臺灣博碩士論文加值系統

近年來室內運動場所的人數節節攀升，據體育署統計，國人有11.6% 最常從事室內運動類型。本研究於2019年12月～2020年5月冬、春季期間，對三個校區內運動場所進行室內外PM2.5採樣，並分析PM2.5化學性組成—25種金屬元素及3種水溶性離子，探討PM2.5在冬、春兩季間質量濃度變化，利用富集因子法及PMF受體模式解析污染物可能來源，並進行相關性統計分析。結果顯示，PM2.5質量濃度在冬、春兩季皆呈現室外高於室內；金屬元素在冬、春兩季皆呈現健身房濃度高於室外，室內外主要金屬元素為Fe、K、Na；水溶性離子在健身房內PM2.5佔大部分比例，如冬季 (61%～71%)、春季 (44%～51%)，另外發現在運動場所中NH4+的 I/O 值皆大於1。
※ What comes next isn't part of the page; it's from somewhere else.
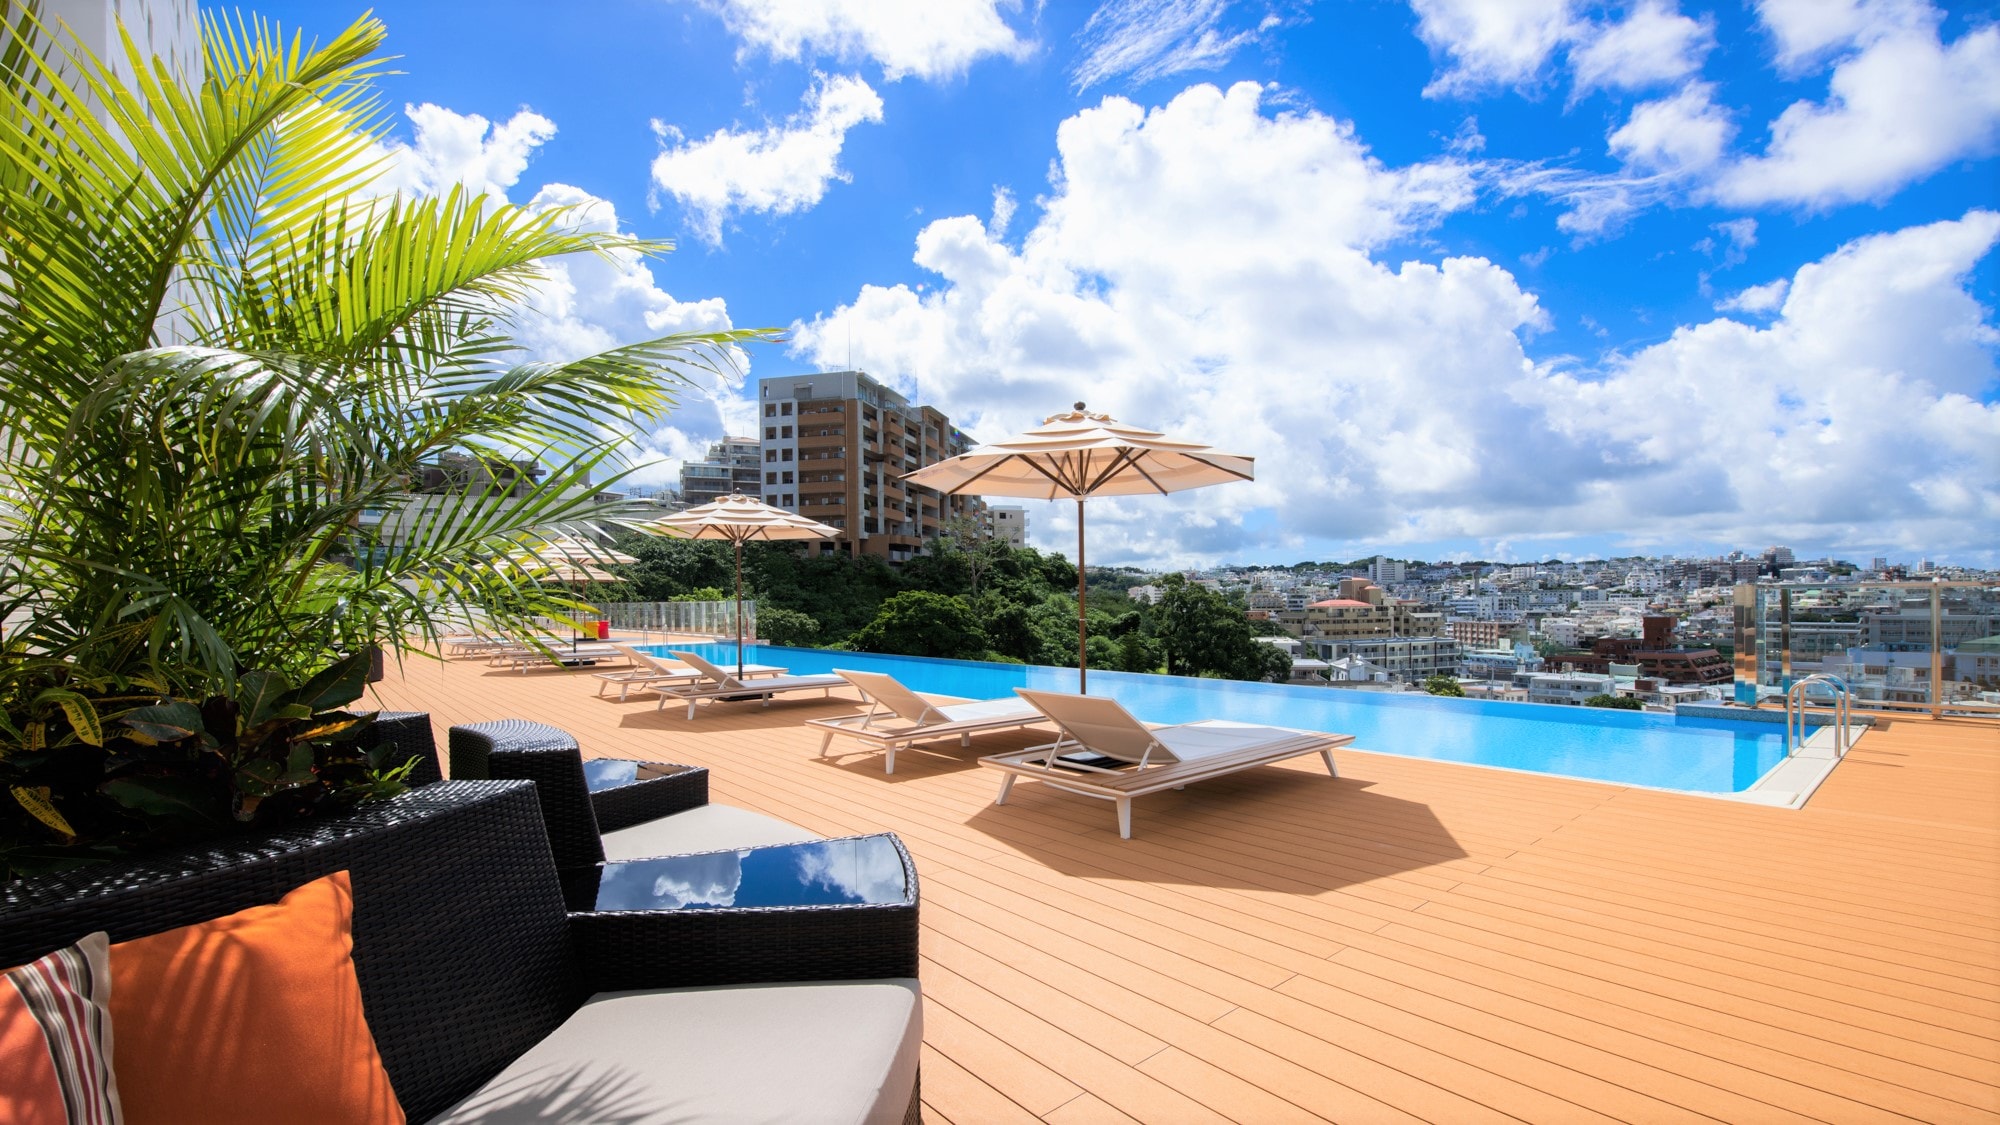 [Infinity Pool] The scenery that changes over time allows you to enjoy the feeling of a resort even in Naha.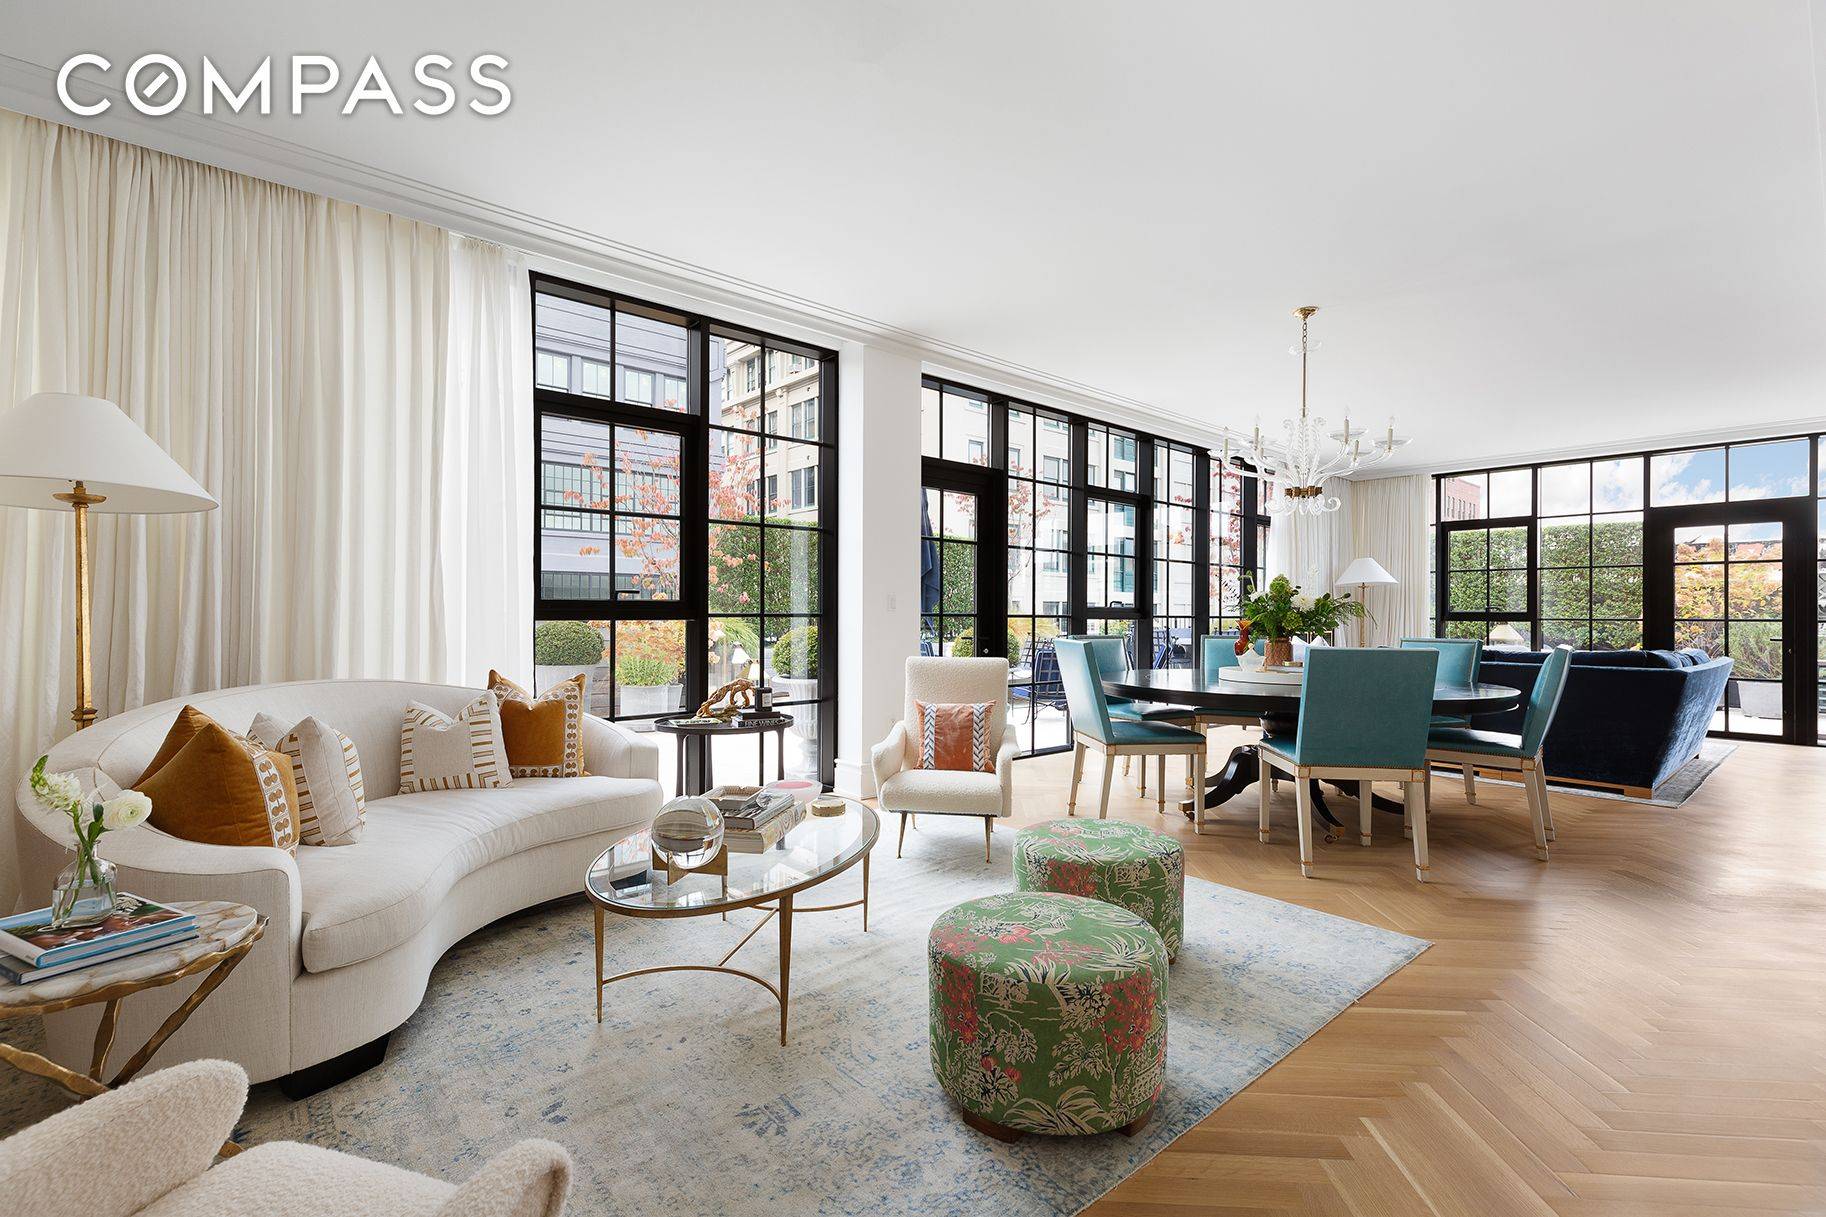 Presenting a one of a kind, impeccably renovated designer Duplex Penthouse in DUMBO.

富集因子法解析結果顯示，冬、春兩季室內PM2.5中金屬元素Fe、K、Mg、Mn、Na、Ti為自然來源，Ag、As、Cd、Sb、Se、Tl則以人為因素為主。 PMF解析結果顯示，冬季室外主要污染源以二次氣膠 (21.7%～42.8%) 為主；春季室外主要污染源以地殼元素及土壤揚塵 (26%～30.4%)、二次氣膠 (24.8%～33.4%) 為主。冬季室內主要污染源以地殼元素及土壤揚塵 (33.4%～37.5%)、室內再懸浮 (24.1%～48.9%)、二次氣膠 (34.7%～47.9%) 為主；春季室內主要污染源以硫酸鹽及清潔用品 (35.7%～48.9%)、土壤及道路揚塵 (30.1%～41.5%)、建物裂損與器材磨損 (31.6%～43.2%) 為主。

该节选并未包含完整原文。